约束二:每个垃圾箱中包装的总重量不能超过其容量,与Multiple Knapsacks 类似。
6、调用slove()方法解决问题
MPObjective objective = solver.objective();
for (int j = 0; j < data.numBins; ++j) {
objective.setCoefficient(y[j], 1);
}
objective.setMinimization();
// [START solve]
final MPSolver.ResultStatus resultStatus = solver.solve();
7、输出解决方案
if (resultStatus == MPSolver.ResultStatus.OPTIMAL) {
System.out.println("Number of bins used: " + objective.value());
double totalWeight = 0;
for (int j = 0; j < data.numBins; ++j) {
if (y[j].solutionValue() == 1) {
System.out.println("Bin " + j);
double binWeight = 0;
for (int i = 0; i < data.numItems; ++i) {
if (x[i][j].solutionValue() == 1) {
System.out.println("Item " + i + " - weight: " + data.weights[i]);
binWeight += data.weights[i];
}
}
System.out.println("Packed bin weight: " + binWeight);
totalWeight += binWeight;
}
}
System.out.println("\nTotal packed weight: " + totalWeight);
} else {
System.err.println("The problem does not have an optimal solution.");
}
// [END print_solution]
}#03其他装箱问题
细心的小伙伴可能会发现,小编介绍的这三种装箱问题都是属于一维装箱问题,它们将物品的大小以体积这一个变量表示。这当然与现实中遇到的问题会有一定区别。在现实中,物品都是有长、宽、高的,单纯将体积相加判断箱子是否装下显然存在一定的误差。
下面,小编将简单介绍一下二维、三维的装箱问题即所用的方法。
· 二维装箱问题
在本问题中我们解决问题的前提是假设所有物品为矩形(rectangular),二维装箱问题需要考虑箱子中的物品应该如何摆放才能使箱子容纳更多的物品。
二位装箱问题的一种解决思路是基于BL法。Baker et al.[3] (1980)提出了The bottom-left (BL) 法,即将物品尽量向左向下推。自此以后,不少基于BL法的算法都纷纷出现。例如,Hopper and Turton [4](2001)在BL法的基础上运用启发式算法,同时尝试了不同种矩形放置向左下方向的顺序,去其中最优解,这种方法叫做bottom-left-decreasing (BLD)。
另一种较为普遍的方法是基于某些算法同时选择该放置哪个物品以及该物品应放置在哪里。例如,Asık and Özcan[5]于2009年提出的一种新的双向最佳配合(bidirectional best-fifit)启发式算法。
还有一些算法并不基于以上方法,例如Leung et al. [6]于2012年提出的hybrid simulated annealing (HSA) 算法,它先用贪婪算法求出最初解,再利用模拟退火算法求出较优解。
·三维装箱问题
三维装箱问题相较于二维,并没有二维装箱问题发展得那么完善。Bortfeldt and Gehring[7]于1999年提出了用禁忌算法和遗传算法解决三维装箱问题的方法。
Karabulut and Inceog˘lu[8]提出了基于the deepest-bottommost-leftmost fill 原则的遗传算法。这个deepest-bottom most-leftmost fill原则翻译过来就是最深最底最左原则,类似于二维装箱问题中的BL法。
在现存的各种算法中,Allen et al.[9]于2011年提出的混合放置法在基准测试中表现较好,这个方法结合最优满足法(best-fit method)与禁忌搜索算法。感兴趣的小伙伴可以了解一下哦。
#Reference
【1】 Lijun Wei, Wee-Chong Oon, Wenbin Zhu, Andrew Lim, 2011. A reference length approach for the 3D strip packing problem, European Journal of Operational Research, 37-47.
【2】Lijun Wei, Wee-Chong Oon, Wenbin Zhu, A skyline heuristic for the 2D rectangular packing and strip packing problems, 2012. Andrew Lim, European Journal of Operational Research, 337-346.
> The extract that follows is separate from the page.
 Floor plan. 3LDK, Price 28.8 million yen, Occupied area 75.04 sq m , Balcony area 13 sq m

【3】Baker, B.S., Coffman, E.G., Rivest, R.L., 1980. Orthogonal packings in two dimensions. SIAM Journal on Computing 9, 846–855.
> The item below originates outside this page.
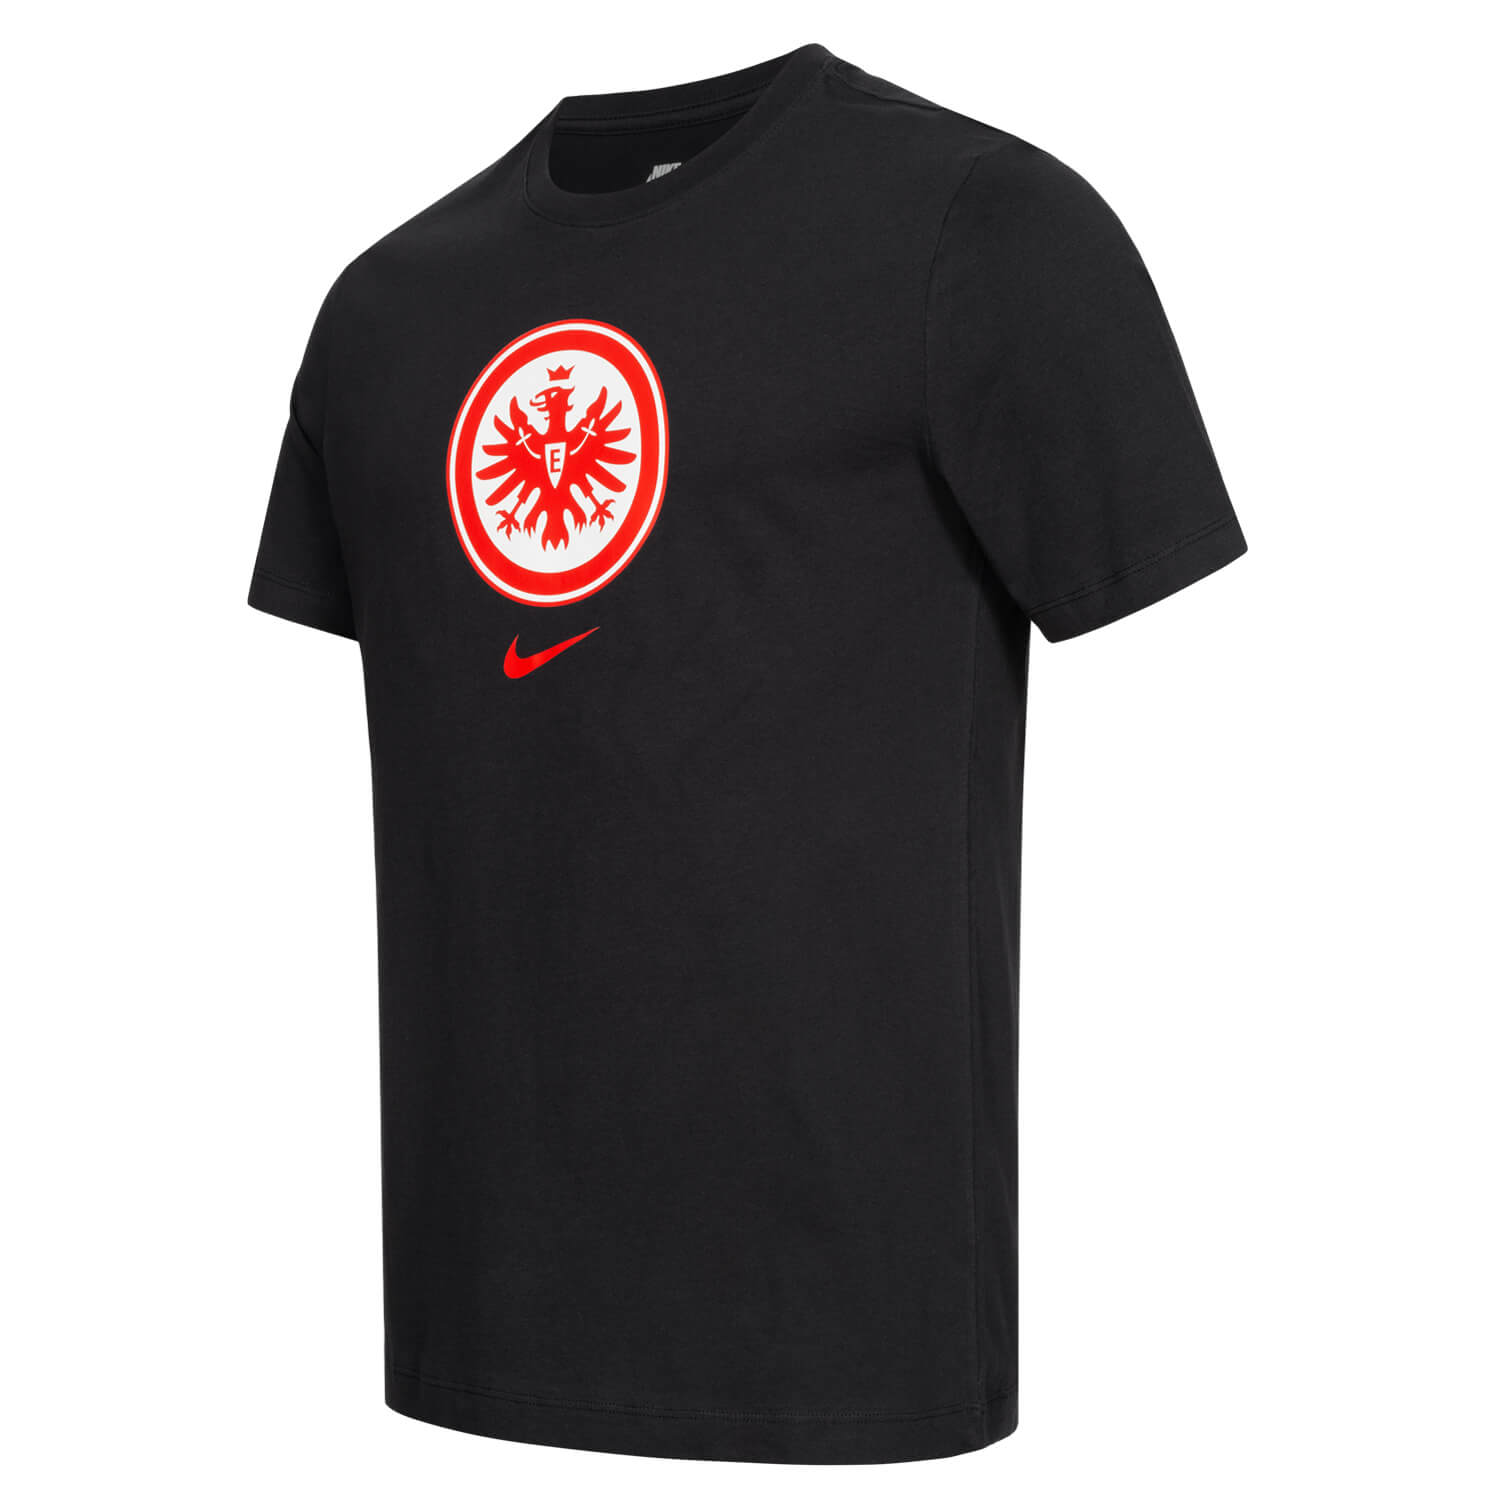 Bild 3: Nike T-Shirt 23 schwarz

【4】Hopper, E., Turton, B.C.H., 2001. An empirical investigation of meta-heuristic andheuristic algorithms for a 2D packing problem. European Journal of Operational Research 128, 34–57.
【5】Asık, O., Özcan, E., 2009. Bidirectional best-fifit heuristic for orthogonal rectangularstrip packing. Annals of Operations Research 172, 405–427.
【6】Leung, S.C.H., Zhang, D., Zhou, C., Wu, T., 2012. A hybrid simulated annealingmetaheuristic algorithm for the two-dimensional knapsack packing problem. Computers & Operations Research 39, 64–73 [Special Issue on Knapsack Problems and Applications.].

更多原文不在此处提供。